The linking chain between two pyridinium rings is another important factor influencing oximes’ potency. Although this part of oxime reactivator molecule does not play any role in the dephosphorylation process, it is a major factor influencing reactivation rates [19,20]. There is also only one difference between the obidoxime and trimedoxime connection chains (linkers). Obidoxime has oxygen in the linking chain. Obidoxime reactivation potency in both the peripheral and also the central compartment was worse than the reactivation efficacy of trimedoxime. Similar molecular structures are the newly synthesized oximes K027 (one oxime group is replaced by an amidic group) and K156 (there is only one oxime group in the molecule), but none of both oximes were able to reactivate cyclosarin-inhibited cholinesterases. It is clear, that presence of one oxime group is necessary for reactivation process. The presence of second one does not increase reactivation potency in the case of intoxication caused by tabun, but in cyclosarin-inhibited cholinesterases it can play positive role.

The other change is a double bond in chain (oximes K206, K269, K203 and K075). Double bonds make the linker more rigid and change the reactivator’s conformation [21]. This change in conformation can influence interaction between oxime and internal structure of enzyme. These oximes were ineffective in both compartments. The oxygen in the linker also can change oxime conformation.
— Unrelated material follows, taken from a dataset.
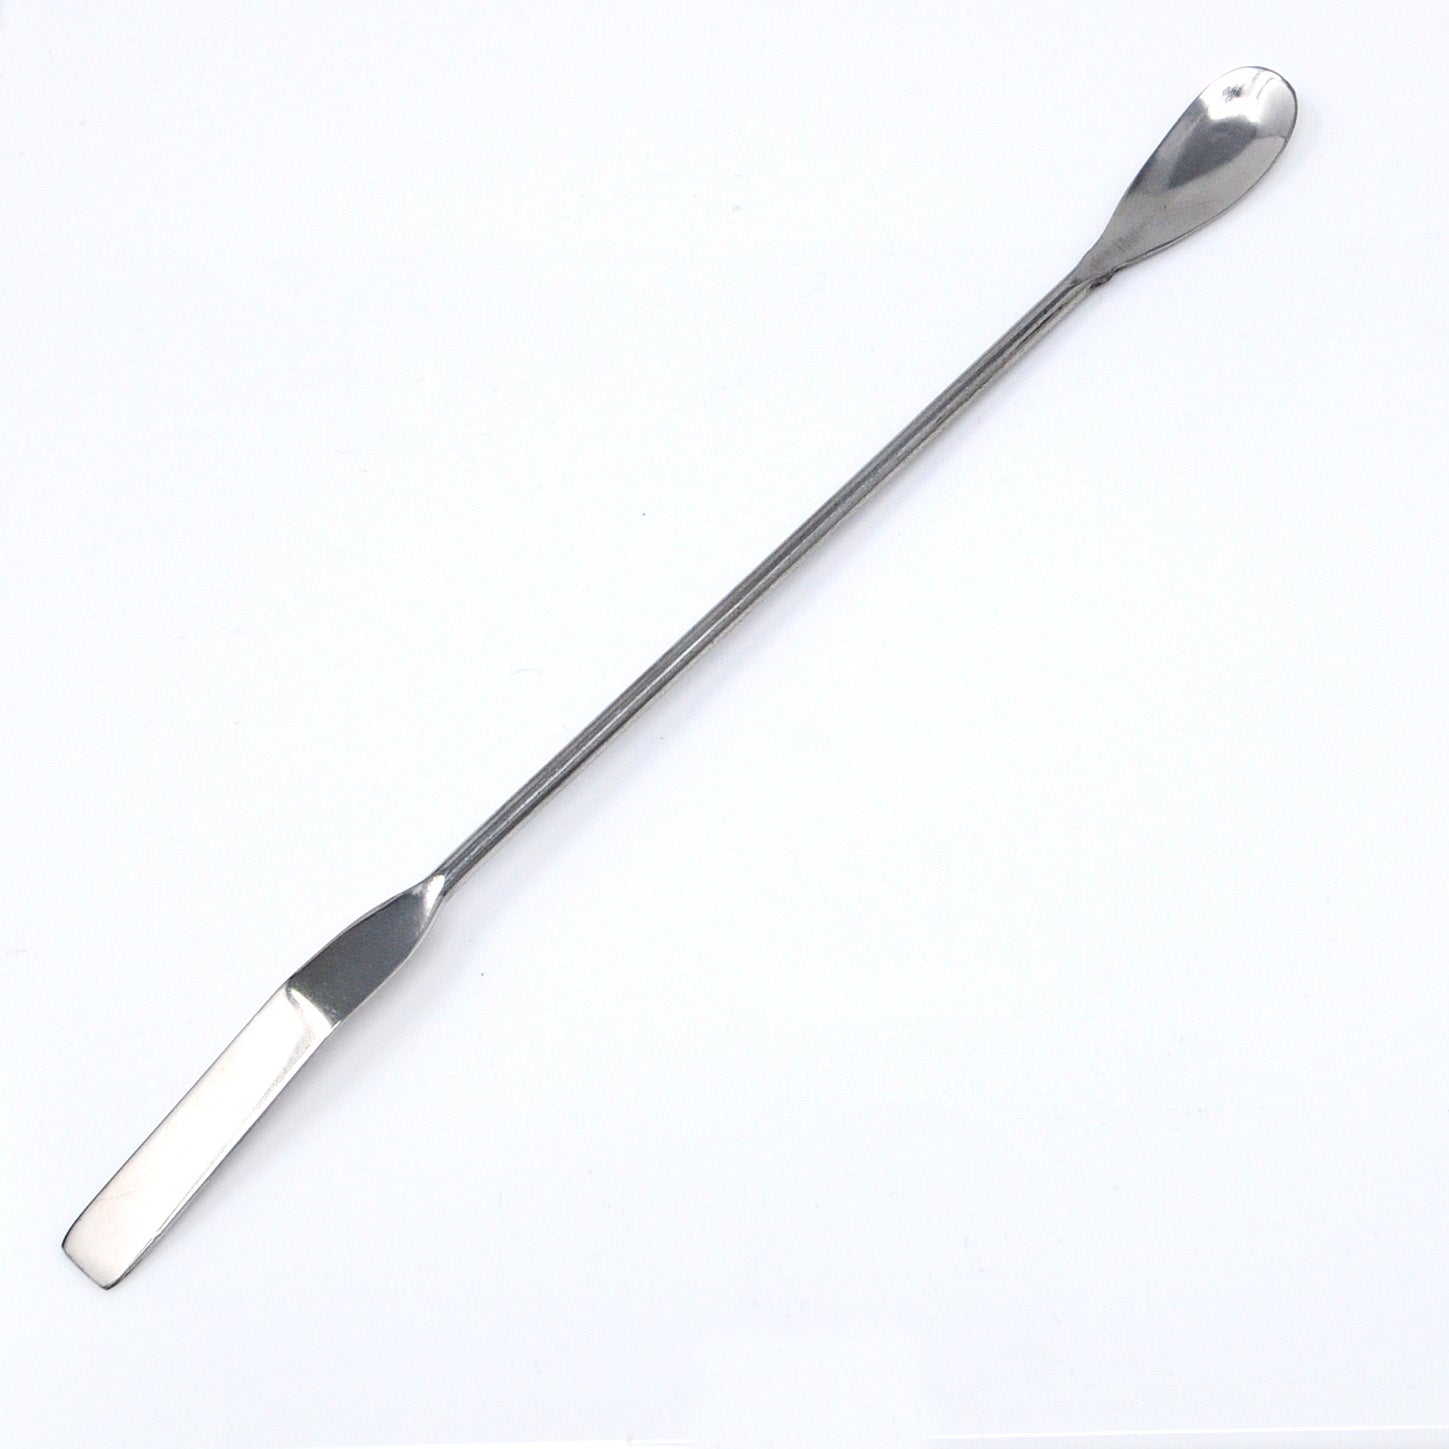 laboratory spatula

If we compare reactivation efficacy of obidoxime and trimedoxime, is clear that oxygen in the linker demonstrably decrease the reactivation potency [22].

The inhibitions of ChE in CNS after administration of cyclosarin were strong. The depression of AChE was stronger than inhibition of BChE. The reactivations of both ChE using newly synthesized oximes were not statistically significant. Only HI-6 and trimedoxime were able to partially protect the ChE in brain.

3. Experimental Section

3.1. Chemicals

The nerve agent cyclosarin (GF agent; O-cyclohexyl-N,N-methyl phosphonofluoridate) of 97% purity was obtained from Military Technical Institute of Protection (Brno, Czech Republic) and stored in glass ampoules (0.3 mL). Its solution for experiments was prepared immediately before use due to the known spontaneous hydrolysis during long term storage. All other chemicals were obtained from Sigma-Aldrich (Prague, Czech Republic). Oximes were synthesized at the Department of Toxicology, Faculty of Military Health Sciences (Hradec Kralove, Czech Republic). The purity of prepared oximes was approximately 96–99% [914].

3.2. Animals

Male Wistar rats, weighing from 180 to 200 g, were purchased from Anlab s.r.o. (Prague, Czech Republic). The animals were maintained in an air-conditioned room (the temperature were 22 ± 2 °C, the humidity was 50 ± 10%, with light from 7 a.m. to 7 p.m.), and were allowed free access to standard chow type SP 1, achieved from Velas s.r.o. (Prague, Czech Republic) and tap water. Housing of animals was realized in the Central Vivarium of Faculty of Military Health Sciences, Hradec Kralove. The experiment was performed under permission and supervision of the Ethic Committee of the Faculty of Military Health Sciences, Hradec Kralove.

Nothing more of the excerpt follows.